Gorgocutie’s Breakdown:
Julius Caesar had two very different careers in two very different theaters, and the contrast is honestly hilarious. In Gaul (58-50 BC), he was an absolute machine — conquered over 800 cities, defeated three million people, crossed the Rhine into Germany, invaded Britain twice, and wrote a tidy little book about it (Commentarii de Bello Gallico) that schoolkids still read today. Professional general mode, full time.
Then he went to Egypt (48-47 BC). And the man who steamrolled all of Gaul spent his time… hanging out with Cleopatra, getting into a palace intrigue lover’s quarrel, fighting a minor war in Alexandria that nearly burned the Library down, and generally acting like a tourist with a military escort. The difference is night and day — Gaul was a full-scale conquest campaign, Egypt was a side quest that turned into a soap opera with Egyptian steps.

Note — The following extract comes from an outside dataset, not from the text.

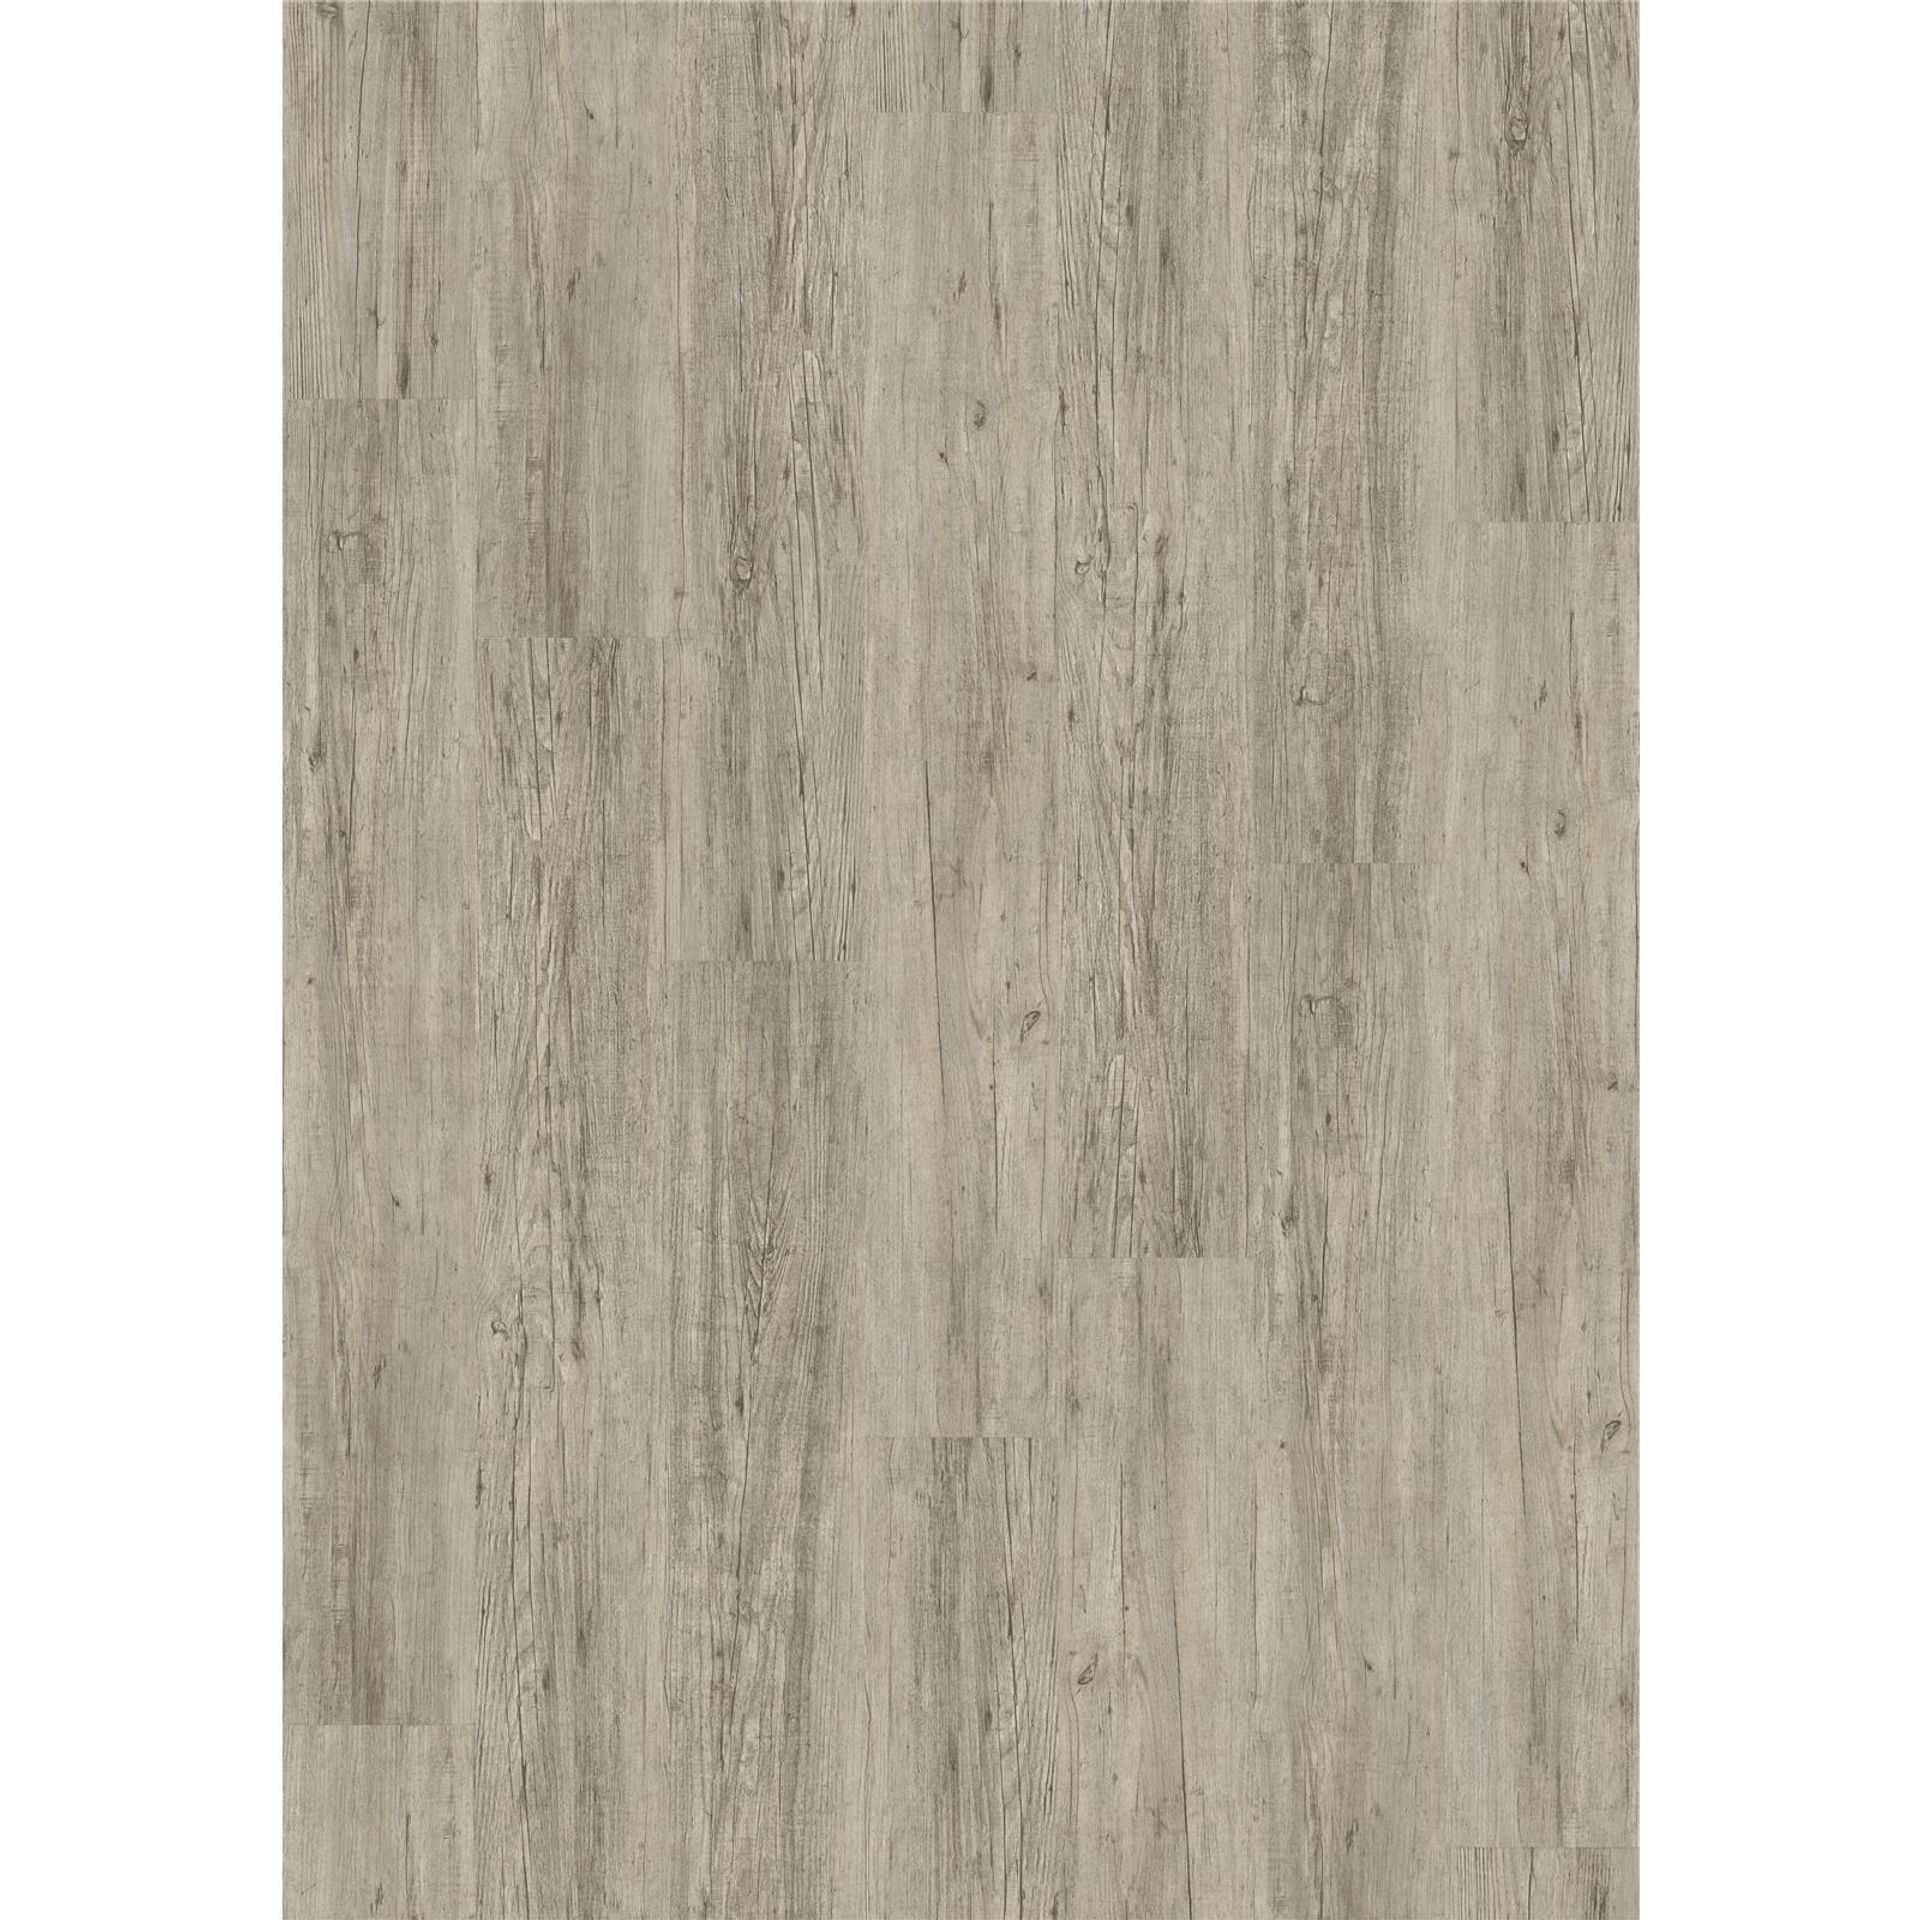 Designboden Dryback 2834 Grey Pine - Planke 18,42 cm x 121,92 cm - Nutzschichtdicke 0,4 mm

The meme captures it perfectly: Caesar in Gaul is the disciplined, history-making commander. Caesar in Egypt is a guy who got distracted by a pretty pharaoh and spent his time picking sides in a dynastic dispute while his soldiers fought in the streets of Alexandria. Same guy, completely different vibes.
TL;DR: Caesar in Gaul: conquered a continent, wrote a classic. Caesar in Egypt: caught feelings, almost burned down a library. Priorities.